THE PROBLEM
Each line of the material must be reproduced exactly; pictures stay out.

SUPPLIED MATERIAL
"""

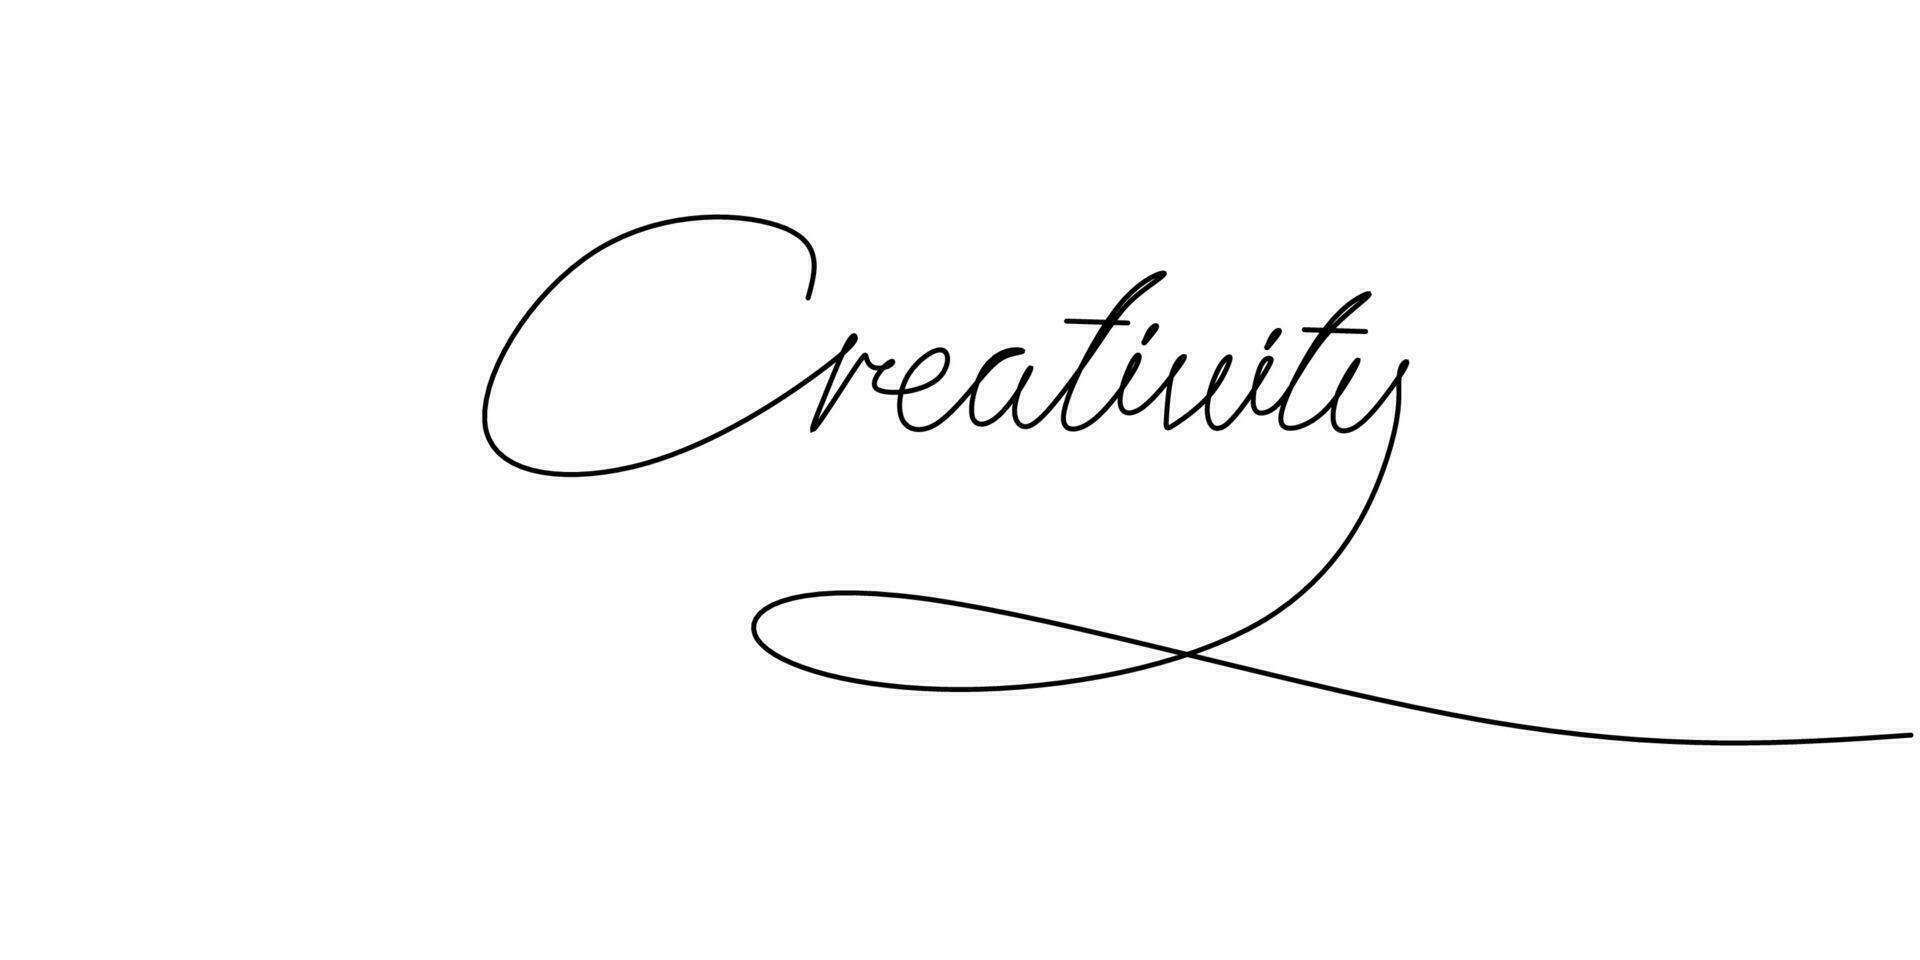 uno continuo línea dibujo tipografía línea Arte de creatividad palabra vector
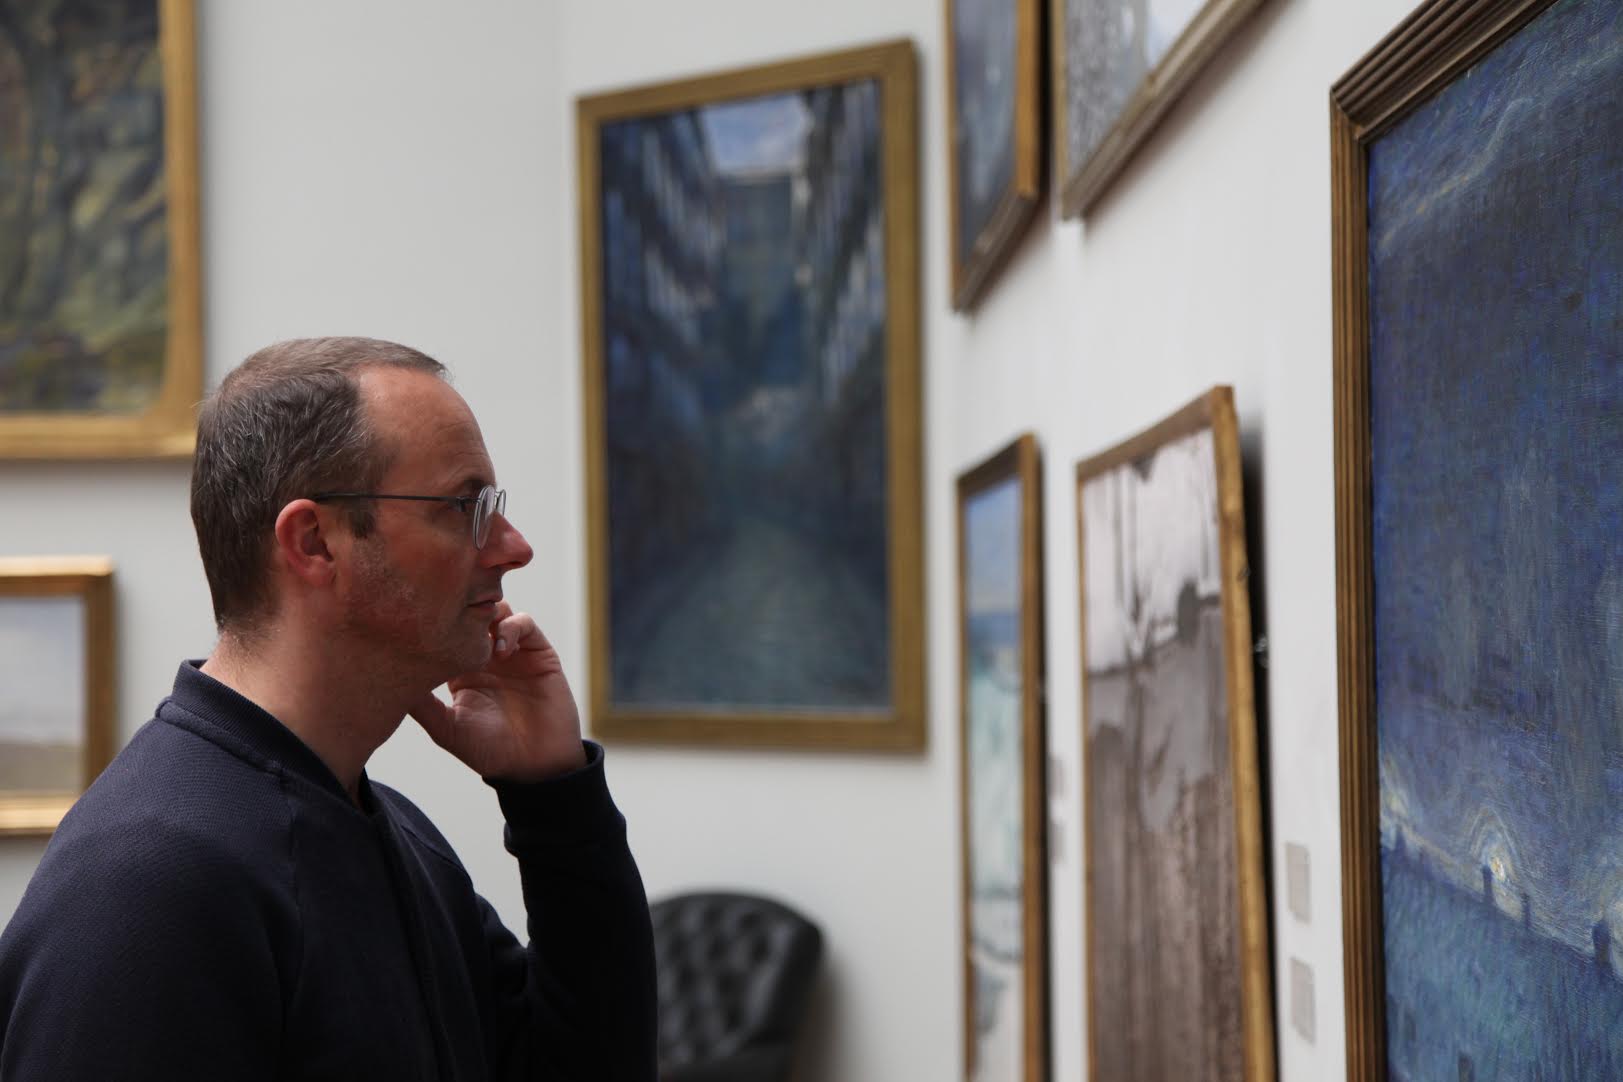 Konstnären Benny Nemerofsky Ramsay ger besökaren på Thielska nya upplevelser med sitt verk Interludes.
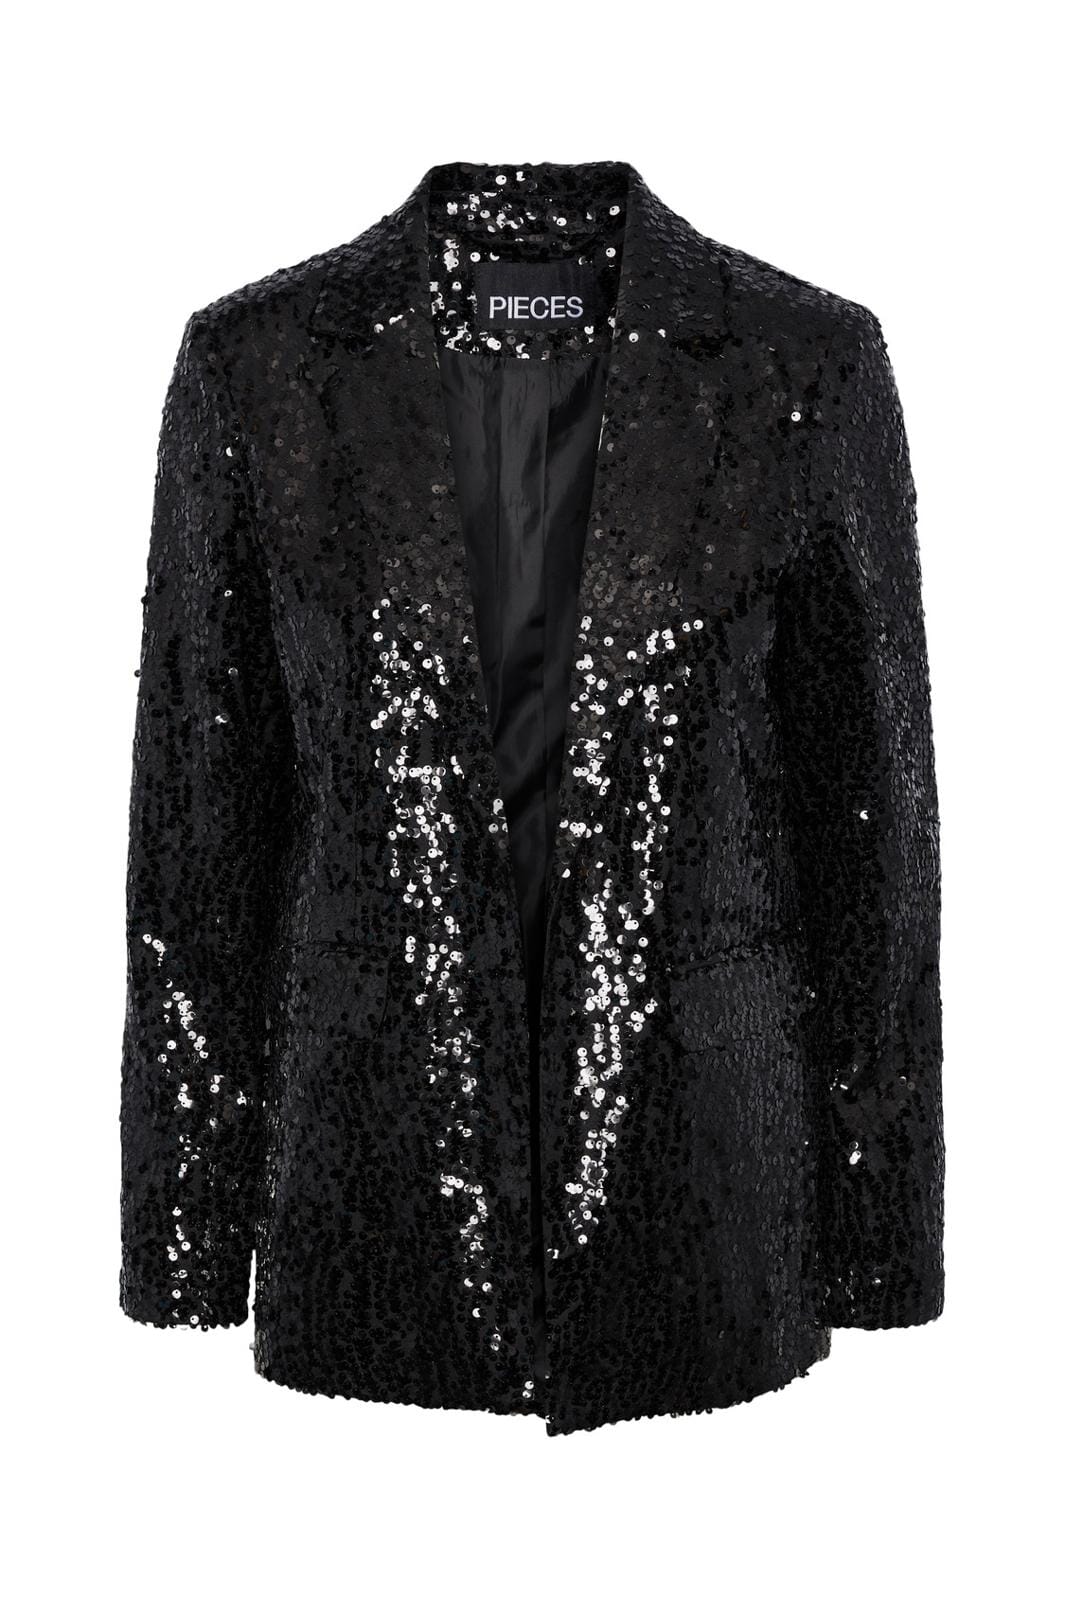 Pieces, Pcbossy Sequin Blazer, Black

"""

REPLY
 uno continuo línea dibujo tipografía línea Arte de creatividad palabra vector
 Konstnären Benny Nemerofsky Ramsay ger besökaren på Thielska nya upplevelser med sitt verk Interludes.
 Pieces, Pcbossy Sequin Blazer, Black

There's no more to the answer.